Thesis

Antenna parton showers in an expanding QGP

Details

  • Call:

    PT-CERN Call 2022/2

  • Academic Year:

    2022

  • Domain:

    Astroparticle Physics

  • Supervisor:

    José Guilherme Milhano

  • Co-Supervisor:

    Liliana Apolinário

  • Institution:

    Instituto Superior Técnico (Universidade de Lisboa)

  • Host Institution:

    Laboratório de Instrumentação e Física Experimental de Partículas

  • Abstract:

    At very high energies or densities, quarks and gluons produce a new state of matter known as Quark-Gluon Plasma (QGP) which is observed in heavy-ion collisions at modern colliders. Once produced, the QGP expands and cools very rapidly converting into normal hadronic matter. The very short lifetime of the QGP, of around 30 yoctoseconds, requires that all probes used to study the dynamics of the QGP have to have been produced concurrently with it. Jets, the offspring of energetic quarks and gluons produced in the collision, are the most versatile probes to understand the inner workings of the QGP. For realistic comparisons with experimental data, analytical calculations are complemented by simulation codes. Parton showers, the simulation of jet development, in the presence of a QGP have been developed over the last couple of decades. At present, no available parton shower encodes the wealth of theoretical knowledge we have achieved over the last few years.
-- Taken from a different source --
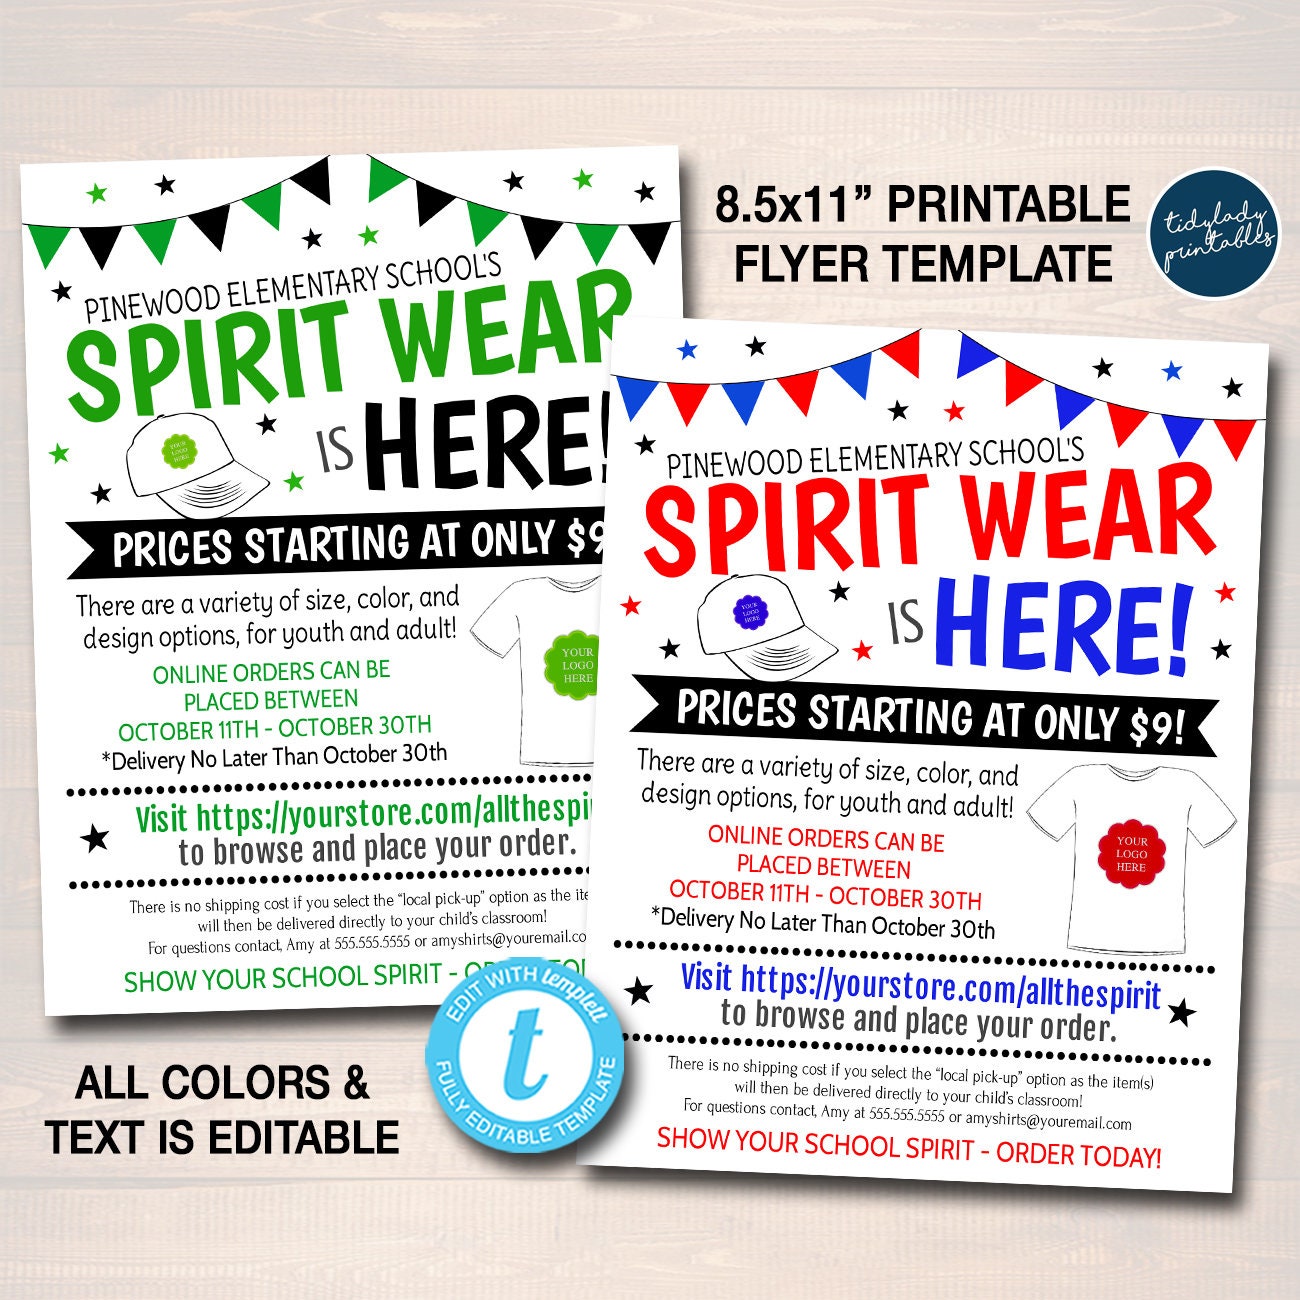 T-shirt Design Contest Flyer Template, Clothing T-shirt Sale, Printable  Flyer, Church Nonprofit School PTO PTA Event, Editable Template

In particular, both the known modifications of colour coherence effected by the QGP on the parton shower and an explicit coupling of the interaction of quarks and gluons with the dynamics of QGP expansion remain to be formulated in the probabilistic framework of a parton shower. This project is expected to attain the probabilistic formulation of both effects and their computational implementation, for later implementation within an existing Monte Carlo event generator. This project is expected to have a lasting impact in maximizing the potential of LHC data. The work will be carried out in LIP-Lisboa and at Lund University (Sweden) under the supervision of Guilherme Milhano and co-supervision of Liliana Apolinário (LIP) and Korinna Zapp (Lund).